However, a parse tree is often not the correct internal representa-
tion of the input text. It often takes a lot of work to generate a
data structure that has the correct semantics (especially when it
isn't clear what the correct semantics are--several of our internal
representations have had major shifts in how they model the
semantics to reflect our evolving understanding of how to map the
input text into a working abstract model). As far as I can tell,
parser generators have not eliminated that work. That said, we did
not used a tool with attribute grammar support (such as Eli) and
perhaps some of those issues would have been mitigated through
that. Still, the hard part is often interfacing the output of the
parser generator with parts of the project that may have stringent
requirements that aren't "compatible". However, my impression is
that these tasks are intrinsically hard and that hand-generating
the parser would not have mitigated them (and would have made them
harder, since a hand generated parser does not build an AST
representation automatically, and that was a stepping stone at
least). I know that's true for the project, I'm working on. In
fact, I want more automation, not less.
I have ideas (drawn from my pratical experience) that will be added
to the tool over time. Some of them will improve that problem.
None of them are likely to be magic wands.
3) The output of a tool (and its associated library, if any) is more
opaque than hand-written code. Moreover, the more a tool enables
you to do (and worse, enables you to do efficiently) only makes the
problem worse. Doing a task takes code. Doing a generalized
version of the same task takes even more code. Do an efficient
generalized version of the same task takes sill more code. Doing
that and also including options for tasks that aren't being done
takes even more. . . .
I have not yet seen a tool that generates totally simple code and
code that handles all the complicated cases easily. Again, I have
some ideas here (on how to make the output more tailorable so that
simple problems can get simpler code generated), but the problem is
intrinsically difficult. The two items are polar opposites. You
can't get both at the same time. The best one can hope for is a
balance that is right for ones own project.

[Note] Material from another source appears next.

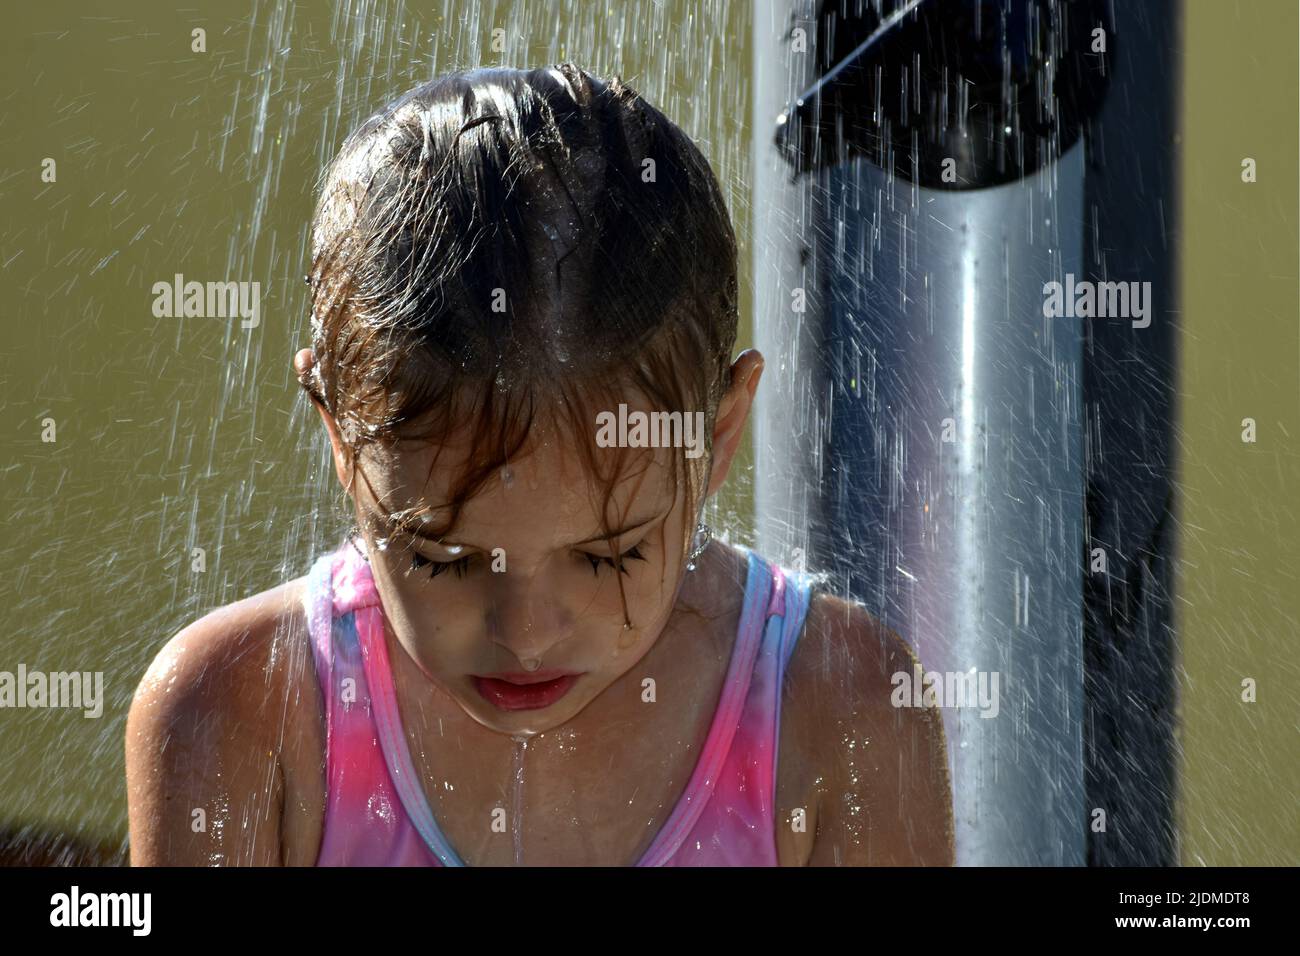 Das Kind kühlt sich während des heißen Wetters im Sommer unter einer Außendusche ab Stockfoto

That said, the tradeoff in having already (mostly?) debugged code
that implements some of the things that I will need (e.g. nested
include file support, AST construction, i18n error meesages)
already in the library, lets me build most things faster and not
have to debug my own typo errors as I reimplement them. That
weighs heavily in faovr of a tool (and library) in my book. I'll
take a little opaqueness to get that.
Some relevant statistics: I cannot recall the last time I debugged
the *code* generated by the tool. I debug approximately two
library problems a year (across the entire tool community's user
base). I debug approximately four "table generation" problems per
year, mostly dealing with features in the tool that aren't in the
underlying theoretical model. Most of the bugs are both obscure
(happening in corners of the feature set) and obvious (when the
failure happens the tool or the generated application fails in a
dramatic way). There has so far been only one bug in the tool that
has affected the project above I was describing. There was also
only one case where the grammar did not describe the language
correctly and the grammar needed to be debugged.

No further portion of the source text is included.